New "compiler" for writing Elev8-FC float math
JasonDorie
Posts: 1,930
in Propeller 1
Thought I'd share a fun Prop project I'm working on for the Elev8-FC.
A little background: the Elev8-FC does all the IMU math on the Prop, in floating point. In order to keep it small and fast, I'm using a modified F32 driver to do the computation. I added a stream processor to it so I can feed it a list of instructions to execute - it processes the whole sequence and sets a flag when it's done, leaving the main cog free to do other tasks. The "instructions" are just 4 byte values: opcode, input1, input2, and output. The input/output values are byte indices into an array of 32 bit variables, mostly floats, but some ints.
All of this works well, but I've been coding it by hand. That was fine initially, but as the project has grown in scope it's become a bit of a pain point - changing the code isn't trivial, so typically I write in C on the PC until I get the math right, then manually translate to the FPU instructions, and I often make mistakes when translating.
Nothing makes mistakes faster than a computer, so I figured I'd try my hand at automating the process, and it works!
I looked into using Yacc/Lex (Bison/Flex) to generate the parser stage, but the documentation for those tools is terrible, and everything I found online was either "calculator" or "C", with nothing in between. Since I was really only interested in parsing a finite subset of C, with no control statements, I decided to write my own.
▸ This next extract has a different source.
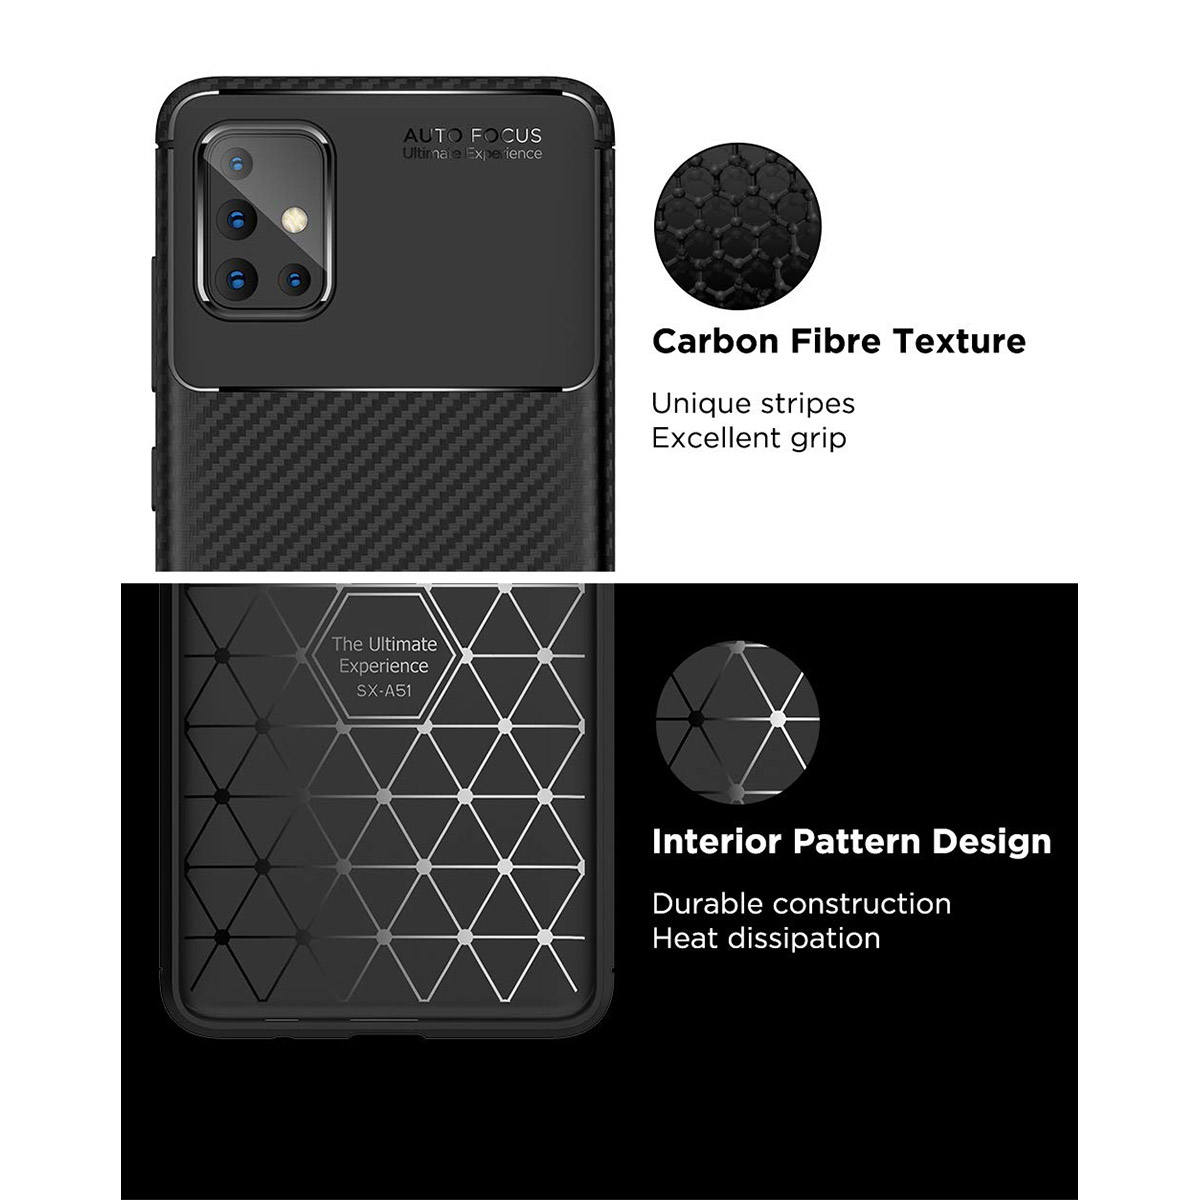 کاور لاین کینگ مدل A21 مناسب برای گوشی موبایل سامسونگ Galaxy A71 thumb 2 21
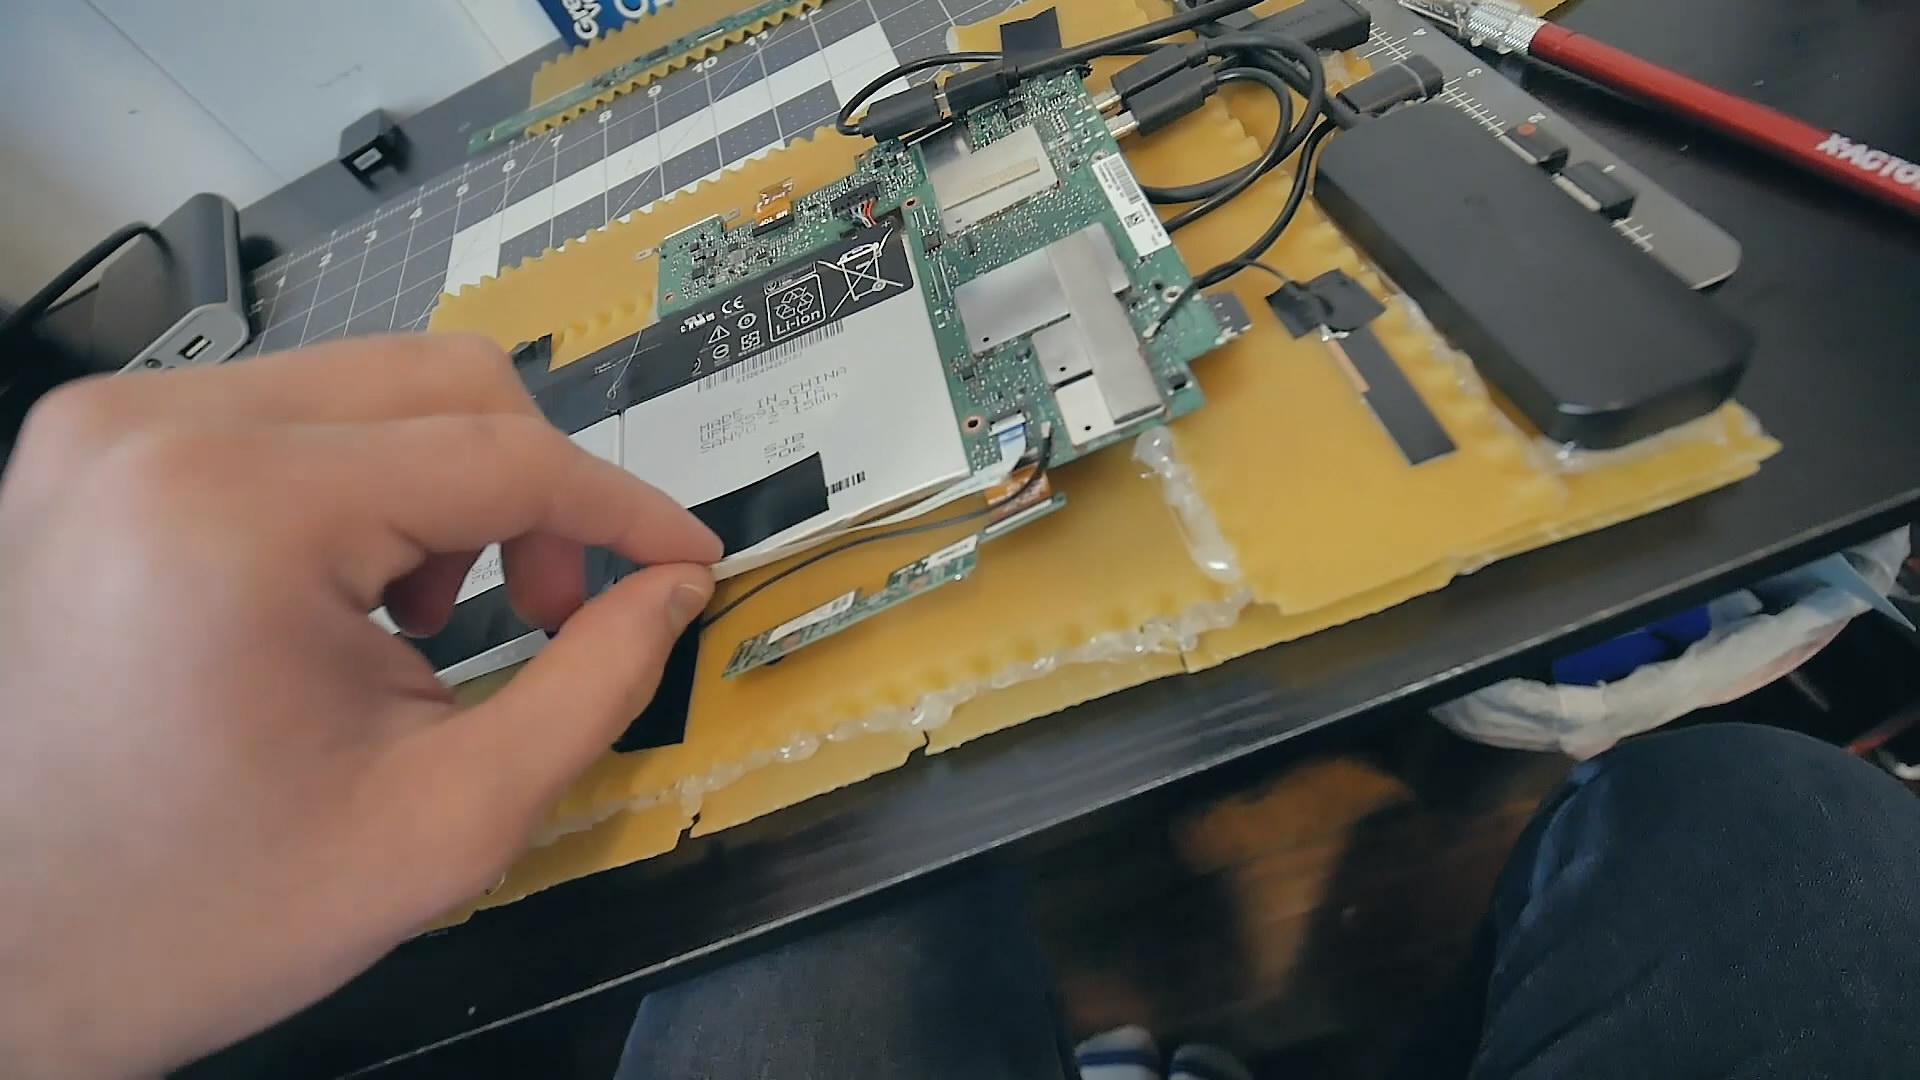 国外玩家自制美食版PC主机 吃货的脑洞实在太大了

There's still a bunch of work to do, but it's checked in to GitHub in the Flight-Controller project if you're curious.
First up is converting the code into an expression tree - This is done in two stages, tokenizing and parsing. The tokenizing stage is mostly a pre-filter that reads the source and passes along tokens, like "comment", "label", "operator", "function", "parenthesis", "constant", and so on, along with the relevant token content. For a label it would be the variable name.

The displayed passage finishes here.